Activity Number: 513
Type: Contributed
Date/Time: Wednesday, August 1, 2012 : 10:30 AM to 12:20 PM
Sponsor: Biopharmaceutical Section
Abstract - #306785
Title: The Case for Bayesian Predictive Probabilities for Interim Monitoring of Clinical Trials
Author(s): Benjamin Saville*+ and Jason Connor and Gregory Ayers and JoAnn Alvarez
Companies: Vanderbilt University School of Medicine and Berry Consultants and Vanderbilt University School of Medicine and Vanderbilt University School of Medicine
Address: 1161 21st Avenue South, Nashville, TN, 37232-2158, United States
Keywords: predictive probability ; posterior probability ; interim monitoring ; Bayesian ; adaptive clinical trials

We explore the advantages of a fully Bayesian predictive probability approach versus a traditional Bayesian approach using posterior probabilities for the interim monitoring of clinical trials.

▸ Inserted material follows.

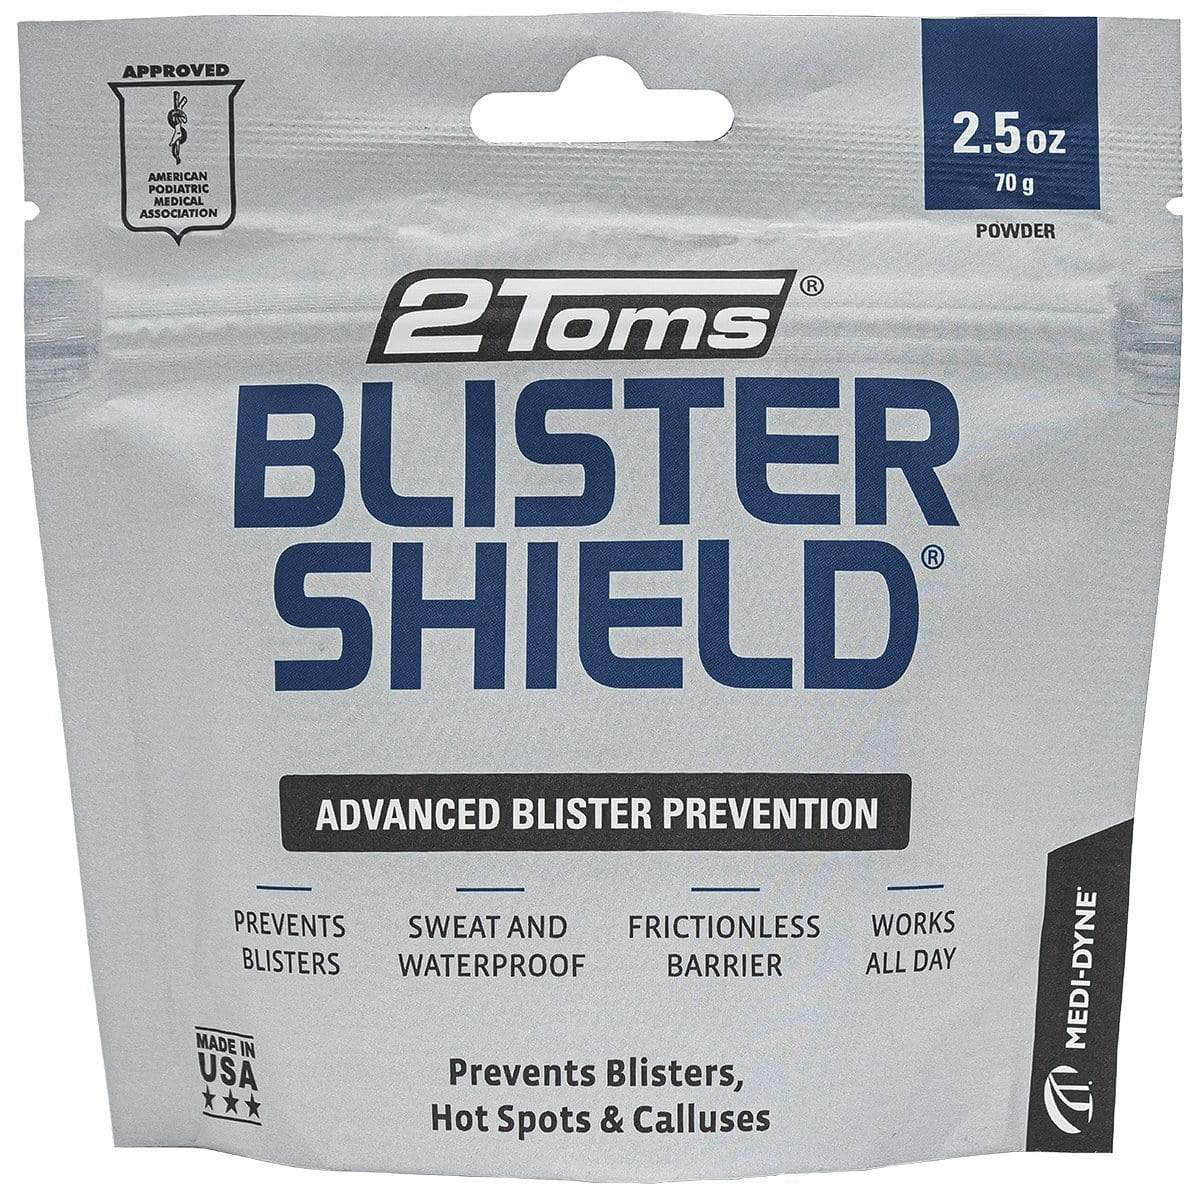 2Toms Blister Shield

Compared to posterior probabilities, predictive probabilities dramatically increase computing time required to design trials with known operating characteristics via simulations. However, some argue that the cost of the computational burden is overwhelmed by the benefits obtained from using predictive probabilities. In this manuscript, we provide evidence that the predictive probability approach is more closely aligned with the clinical decision process than the posterior probability approach. It is more straightforward to derive stopping rules based on predictive probabilities and we show examples of poorly chosen rules based on posterior probabilities. We explore the relationship between predictive probabilities and posterior probabilities as a function of the amount of remaining data to collect in the trial, and argue that the predictive probability approach is a superior strategy for clinical trial design.